Visualice las duplicaciones para algunos genes como los ARO, PDC1, descarboxilasas,
GTPasas o aminotransferasas (#16)
¿Qué genomas agregarían para entender aún más la diversidad funcional de estas
levaduras? ¿Qué genes o grupo de genes se podrían explorar con más detalle? Haga el
ejercicio volviendo a la parte '2b' con 'Genomicus + PDC1' como "punto de partida".
Parte 5.
Categorías COG: en la base de datos "Clusters of Orthologous Groups" (COG), cada COG
incluye proteínas que se cree que son ortólogas. El propósito de la base de datos COG es
servir como plataforma para la anotación funcional de genomas recién secuenciados y para
estudios sobre la evolución del genoma.
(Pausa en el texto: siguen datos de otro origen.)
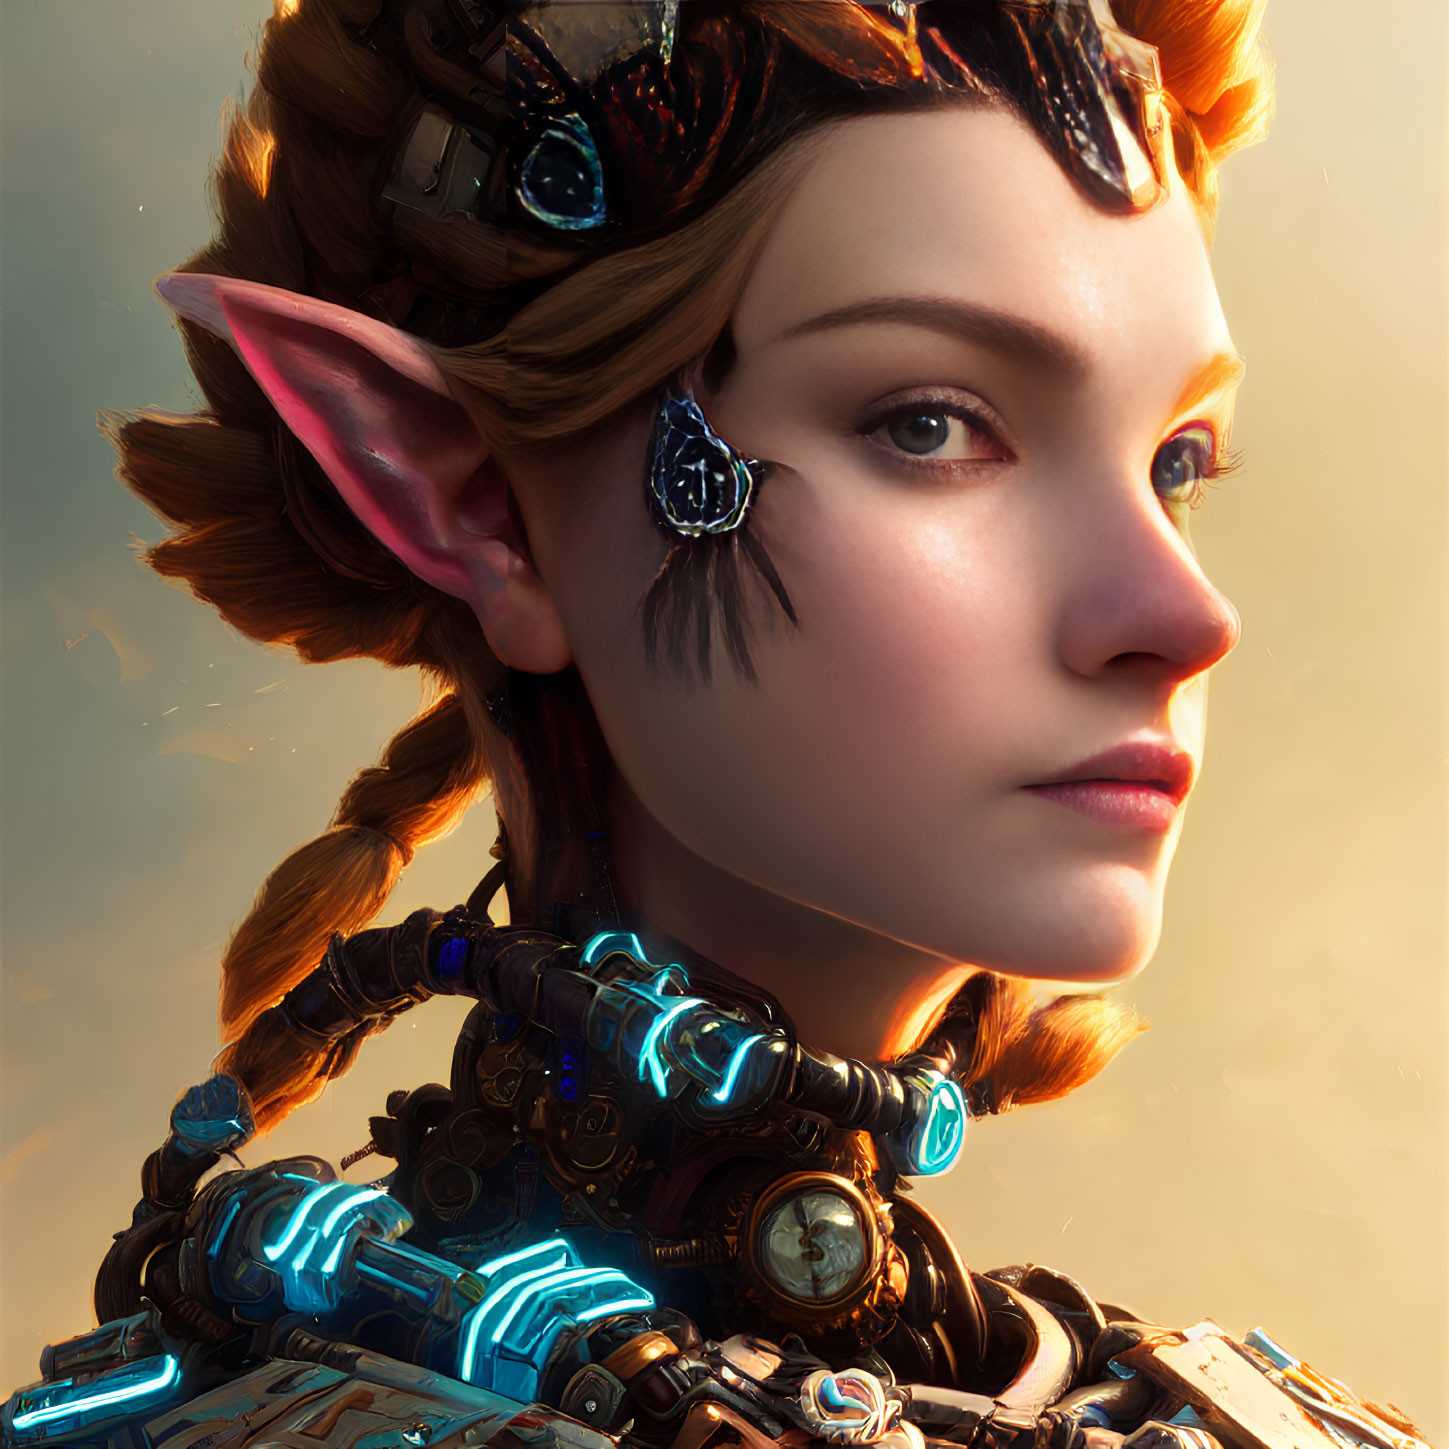 Female character with pointed ears in cybernetic armor and futuristic accessories on warm backlit background.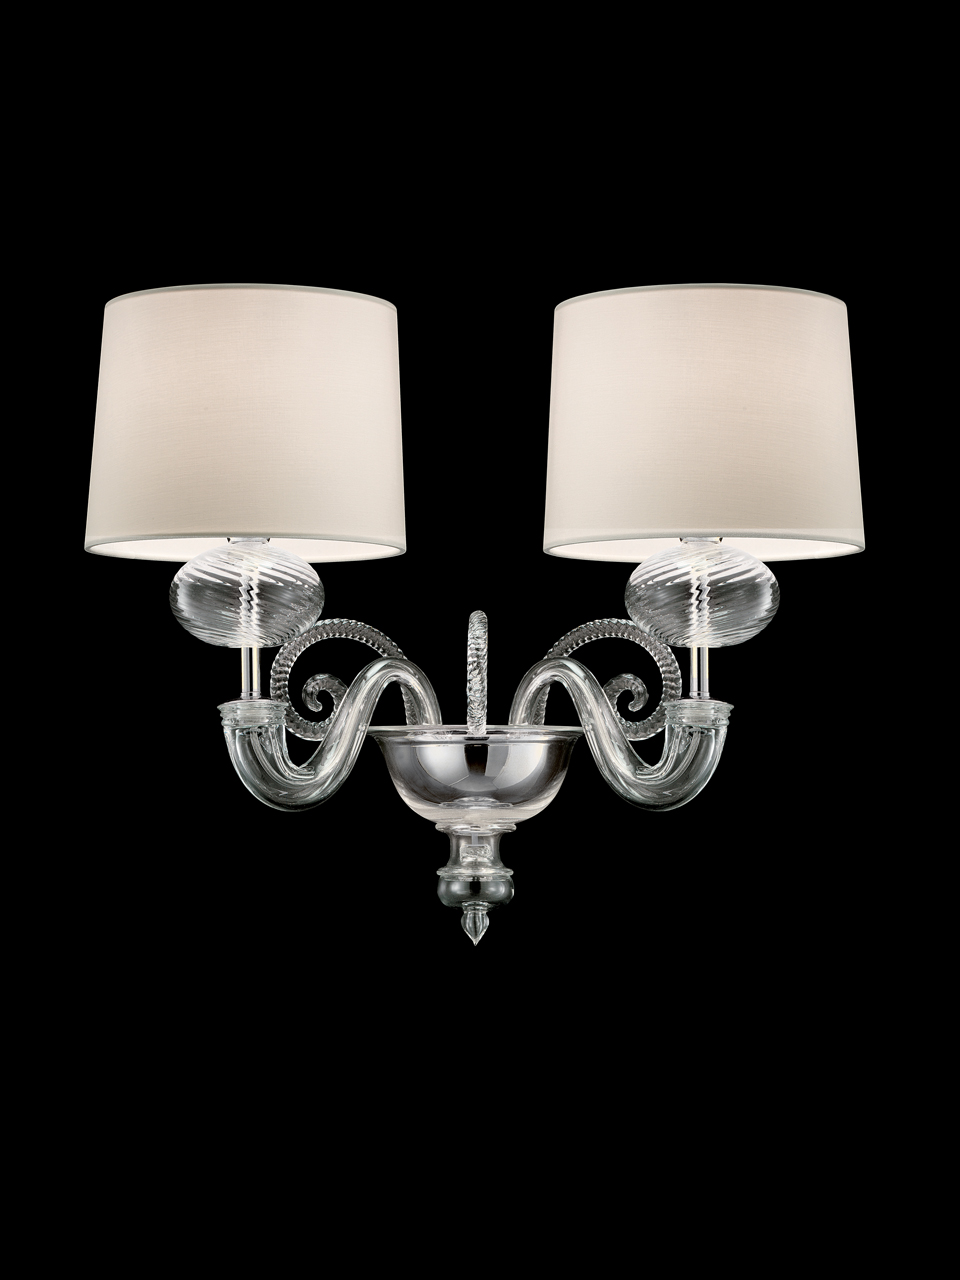 Tangeri classic wall lamp in crystal and chrome metal 2 lights. Barovier&Toso.

Para facilitar los estudios funcionales, los COG se
clasificaron en 17 categorías funcionales amplias.
Genes de copia única (o ortólogos copia única): marcadores universales presentes sólo
una vez en cada genoma (para un grupo dado, ejemplo vertebrados o fungi).
GTPasas: una superfamilia de proteínas que regulan muchos procesos celulares, como la
señalización celular, el transporte vesicular y la regulación de la forma y motilidad celular.
BIBLIOGRAFÍA
Giorello, Facundo, et al. "Genomic and transcriptomic basis of Hanseniaspora vineae's
impact on flavor diversity and wine quality." Applied and Environmental Microbiology
85.1 (2019): e01959-18.
Steenwyk, Jacob L., et al. "Extensive loss of cell-cycle and DNA repair genes in an ancient
lineage of bipolar budding yeasts." PLoS Biology 17.5 (2019): e3000255.